Closed scleary1cs closed 2 weeks ago
Even with PD, Azure Alerts for Errors work will need to take place.
Comms, on duty rotation.
Pulling Azure Alerts for Errors work into a different story.
Putting this back into the backlog because we got positive movement on PagerDuty. If, after a week, there is no progress, I'll put this into progress again.
No progress. Pulling this back in.
Sent a couple of messages in Slack that I think we're deciding to use our Slack alerts channel and a Google team calendar at the very least.
Talked with the engineers during engineer block.

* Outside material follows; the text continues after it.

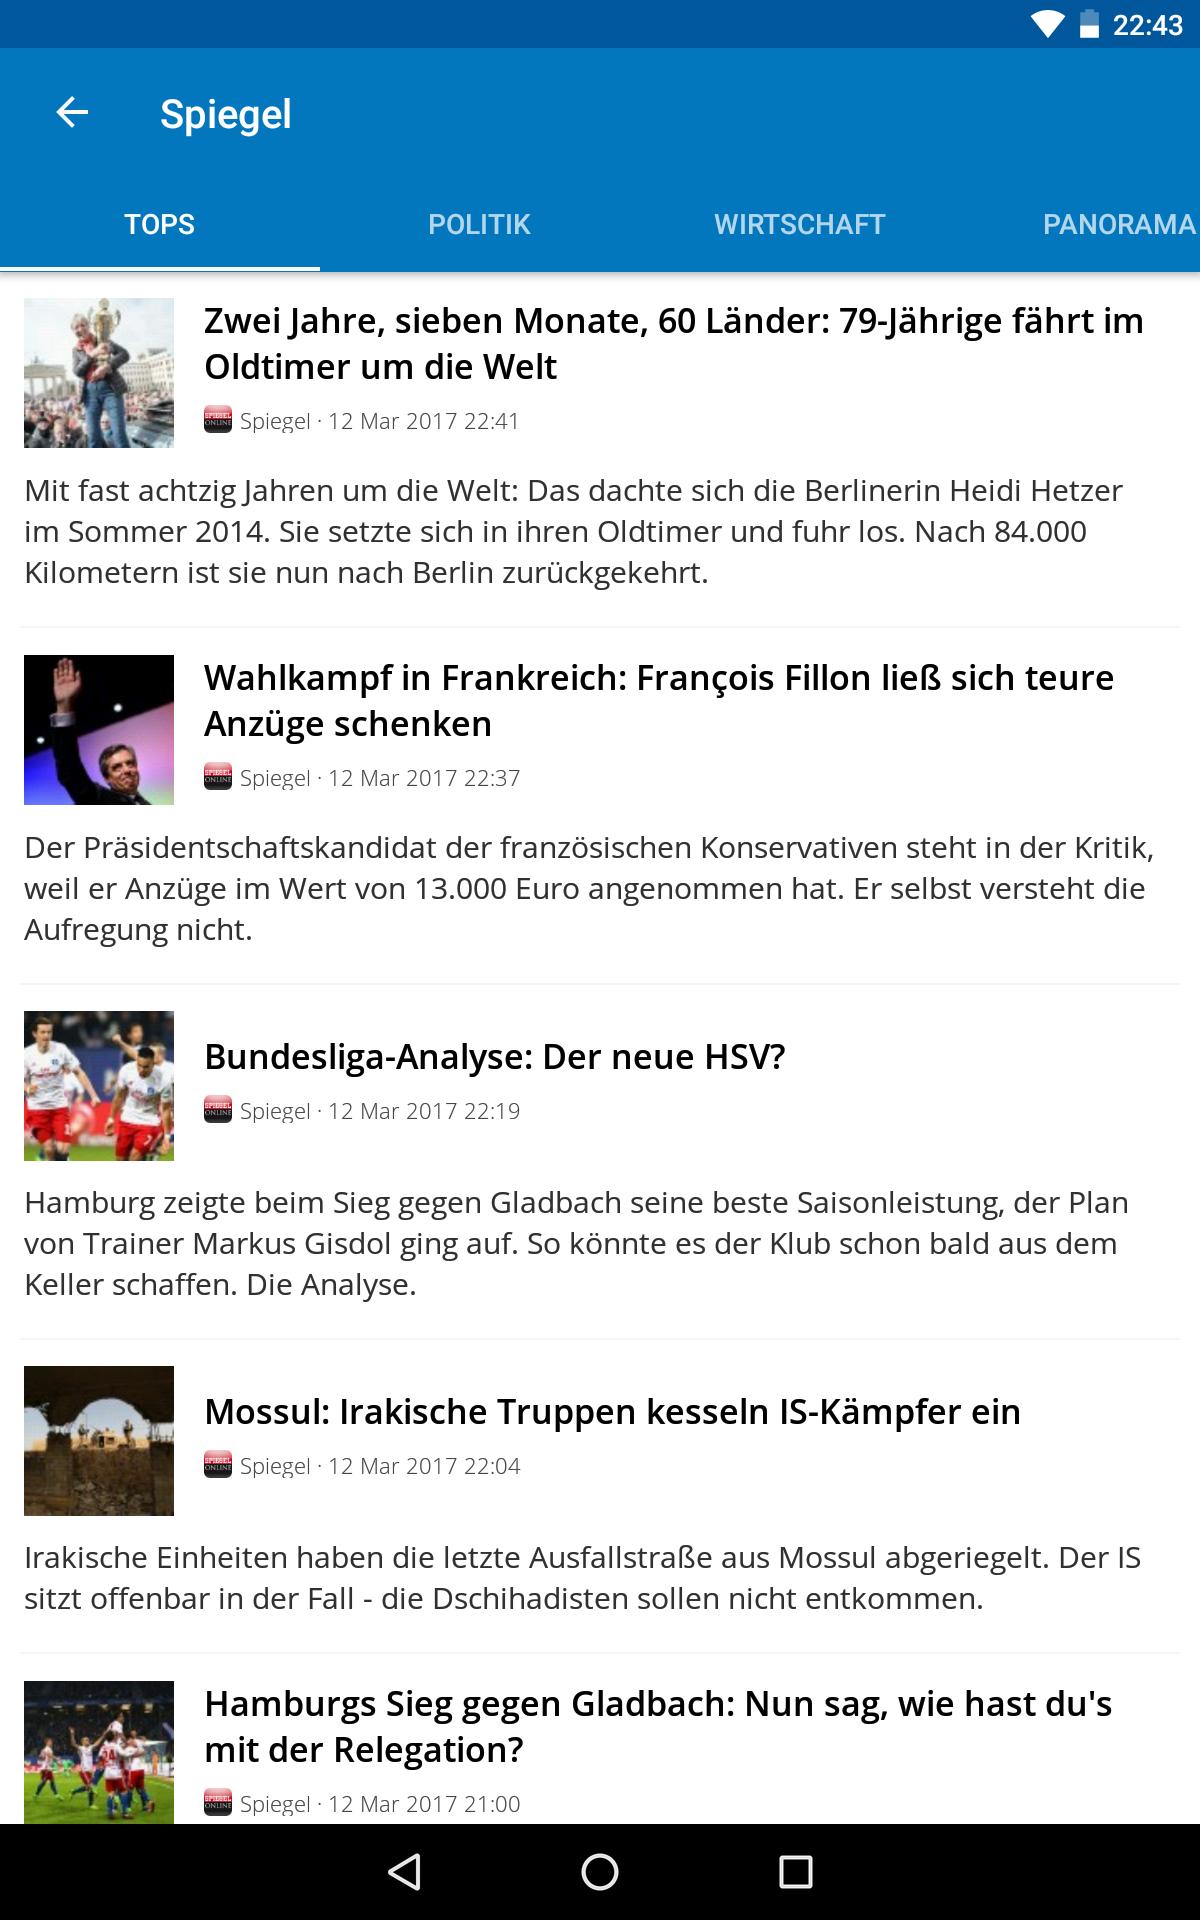 Switzerland News - Latest News for Android - APK Download

No one dissented.
We're moving forward with this in #1457.
Spike Goal
Let's pretend we can't use PagerDuty before we want to go live with California. How can we be notified of an issue that PagerDuty would normally notify us about?
The scope is to identify a plausible alternative that works well enough for now.
Timebox
Unknown.
Notes
Our contract (the RFQ specifically) states that product support will be provided during business hours, but we will also respond to emergency outages/issues that occur outside normal business hours.
No central CDC group (OCIO, OPHDST, etc.) has on-call software for others to use.
I've heard, informally, a lot (most?) of software ran by the CDC is not covered after-hours or with on-call software. Hence there being next to no guidance from the CDC. They just aren't in the practice.
We've been pursuing access to ReportStream's PagerDuty, but others at OPHDST (or some other authority in the CDC) has stopped us from getting access. ReportStream has been grandfathered into it. It isn't clear what the grievance is. Is it because some security compliance issue with PagerDuty, someone just doesn't like PagerDuty, someone doesn't like the on-call class of software in general, someone doesn't like after-hours support of software, or someone only likes it if it is absolutely free? We have no idea.
We've been told by our COR that there is nothing in our contract that allows us to bill the CDC for software. That said, after talking with Boris, there is this thing called Other Directed Costs (ODC) in a contract, and given that our contract does state that we should respond after-hours to emergencies, we could try to convince our COR for funds for PagerDuty. We're exploring this in parallel.
Our immediate CDC product owners have been working on an SLA that does not include after-hour responses to emergencies. This conflicts with our contract, but if this is what the CDC wants, we can do it. Plus, the CDC sure isn't doing its part to help us to respond to after-hour emergencies anyway (see the previous two paragraphs).
Regardless, we are not getting access to this pre-existing PagerDuty account anytime soon. What do we do in the meantime? Below outlines some thinking on alternatives.
Requirements
Thoughts
Free Tier PagerDuty
This only supports up to 5 users. We would have more than 5 users in a on-call rotation, so this wouldn't work.
Free Tier Splunk On-Call
This only lasts 14 days, and we're going to need it longer than that.
Lot's of other PagerDuty SASS alternatives
They all seem to only support a subset of our team for free or only last less than a month for free.
Solutions that are self-hosted
This requires some effort to set-up manually.
We could pick a solution that meets all the on-call requirements above, but it wouldn't be free. There is a cost to hosting. There are some free offerings by cloud providers, but there are additional parts that would still cost money to make the solution work completely. Not only that, but this solution would require additional developer time and effort to maintain and our time and effort definitely aren't free.
Even so, maybe this is a way around the limitation our COR states is in our contract, and a way around the being blocked from the pre-existing PagerDuty account. Albeit, it would require setting up accounts with e-mail and phone/SMS SASS services that charge money outside of Azure, and therefore we would want to bill the CDC.
Send notification to our alerts Slack channel
This doesn't require a lot of effort. It's easy to set-up.
There are a lot of caveats to this working after-hours. This option is nearly one-to-one with not responding to after-hours emergencies, which basically aligns with the SLA as last we saw.
When we finally migrate to PagerDuty, all we would need to do is change the e-mail that the Azure alerts are pointing to. Instead e-mail our PagerDuty e-mail address instead of the e-mail address associated with the alerts Slack channel.
I'm drawn to this solution because it is easy to start using and requires little effort to migrate away. I propose we create a subsequent backlog task to iron out the details and build out this solution.
Other Solutions or Ideas?
What other solution am I forgetting?